Ржановский вдруг разозлился.
– Слышите, Гоша, мне надоел ваш ликбез! Если у вас есть идея – высказывайте. Какого черта?!. Прошу прощения… Никогда не можете ответить прямо.
– Вам уже становится интересно, – сказал Костя да Винчи.
– Помолчите вы, путаник, – сказал Ржановский. – Болтаете о творчестве, а сами потеряли проницательность, спорите с тупицами, с Митей спорите.
– А вдруг поэзия – это способ мышления будущего человечества? А лирика – это предчувствие такого будущего. Поэтому так часто она печальна, кстати… – сказал Памфилий.

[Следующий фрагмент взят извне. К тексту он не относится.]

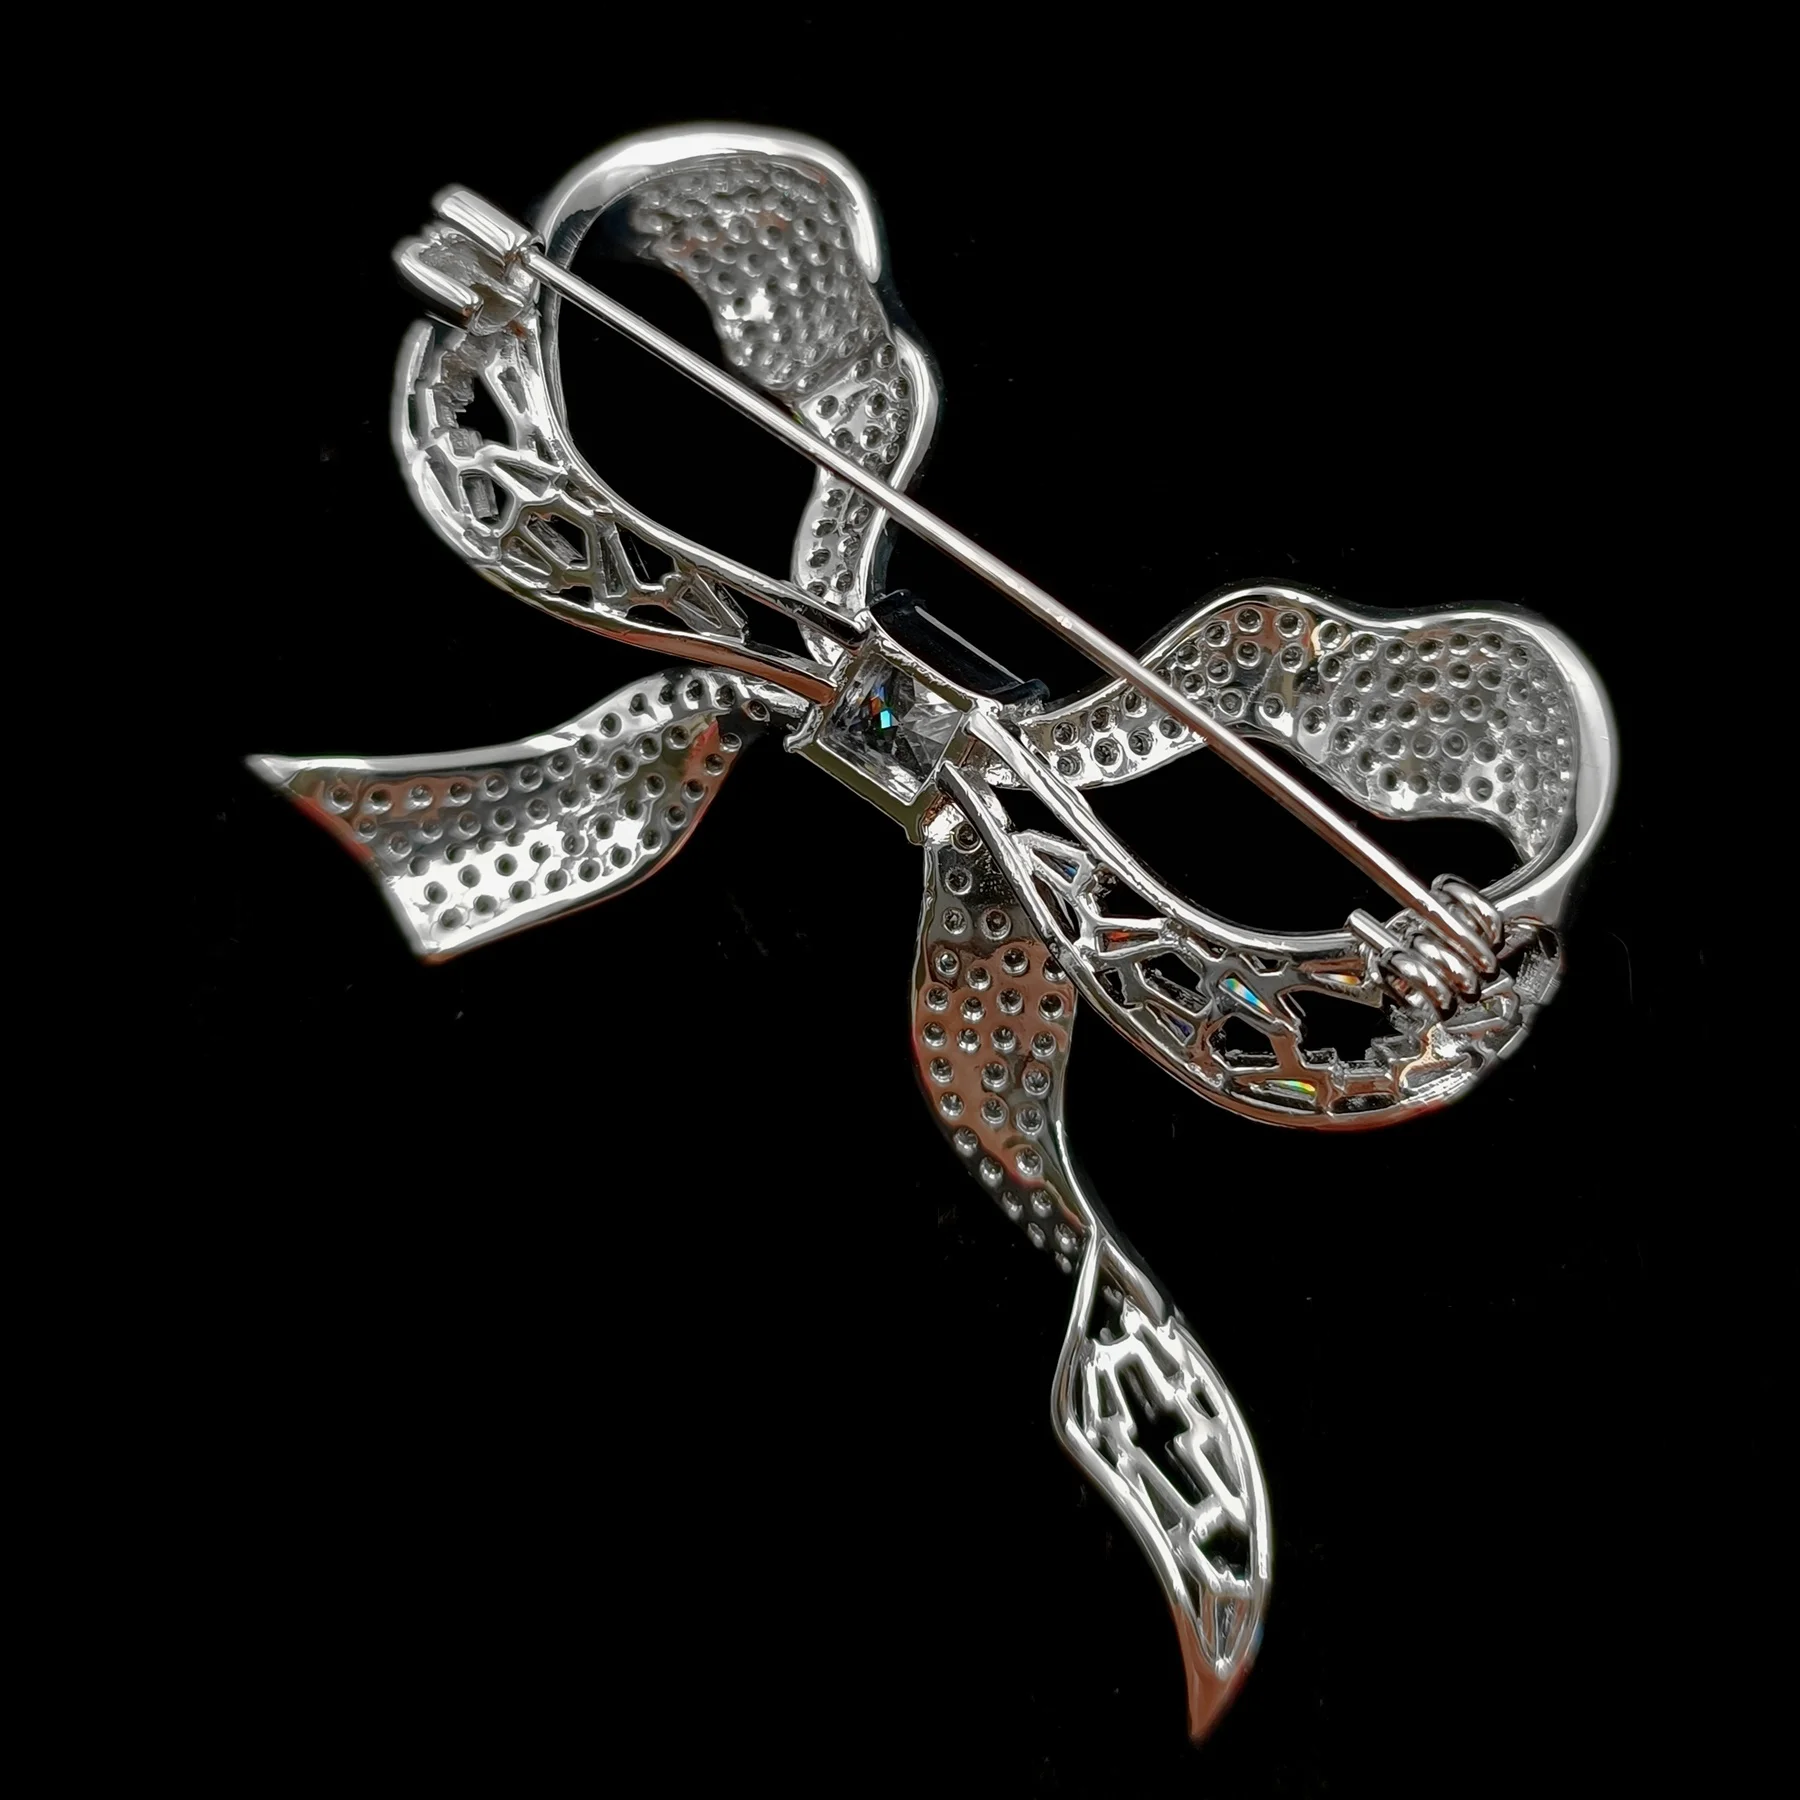 Edwardian Vintage Stylish Clear White Ribbon Bow Broach Bowtie Pin for Mothers Holiday Gifts Birthday Christmas Concert Gifts images - 6

– Дальше! – сказал Ржановский.
– Ух ты! – сказала Анюта.
– Или вы не верите в биологическую эволюцию? – спросил Памфилий. – И поэты тоскуют, сами не зная почему, и, когда поют, готовят этот качественный скачок, вызывают его! Не допускаете ли вы, что иногда происходит такое?
– Ух ты! – сказала Анюта. Ржановский повеселел.
– Молчи, мартышка, – сказал он Анюте. – Ну что ж… это известным образом будоражит воображение. Люблю завиральные идеи. Становится трюизмом говорить, что теория верная, если она достаточно безумная… Если принять эту версию, то поэзия – это способ глубинной раскачки организма для подготовки возможности мутационных изменении в его потомках. Я не могу исключить такой возможности.
Ржановский встал.
– Ну что ж, – сказал он. – Меня лично устраивает, что в этой концепции роль науки не понижается, а повышается. Но это дело будущего.
– А живопись – дело настоящего, – сказал Костя да Винчи. – Только с чем ее кушают, понятия не имею. Это я вам говорю как профессионал.
И тут он предложил Ржановскому коньяку и банан. Но Ржановский отказался. Ибо он был хозяином своих больших лет, и больших задач, и больших забот.
Я подошел к столу.
– Ну, начнем, – сказал Костя, разливая коньяк, – Ржановский велел тебе напиться.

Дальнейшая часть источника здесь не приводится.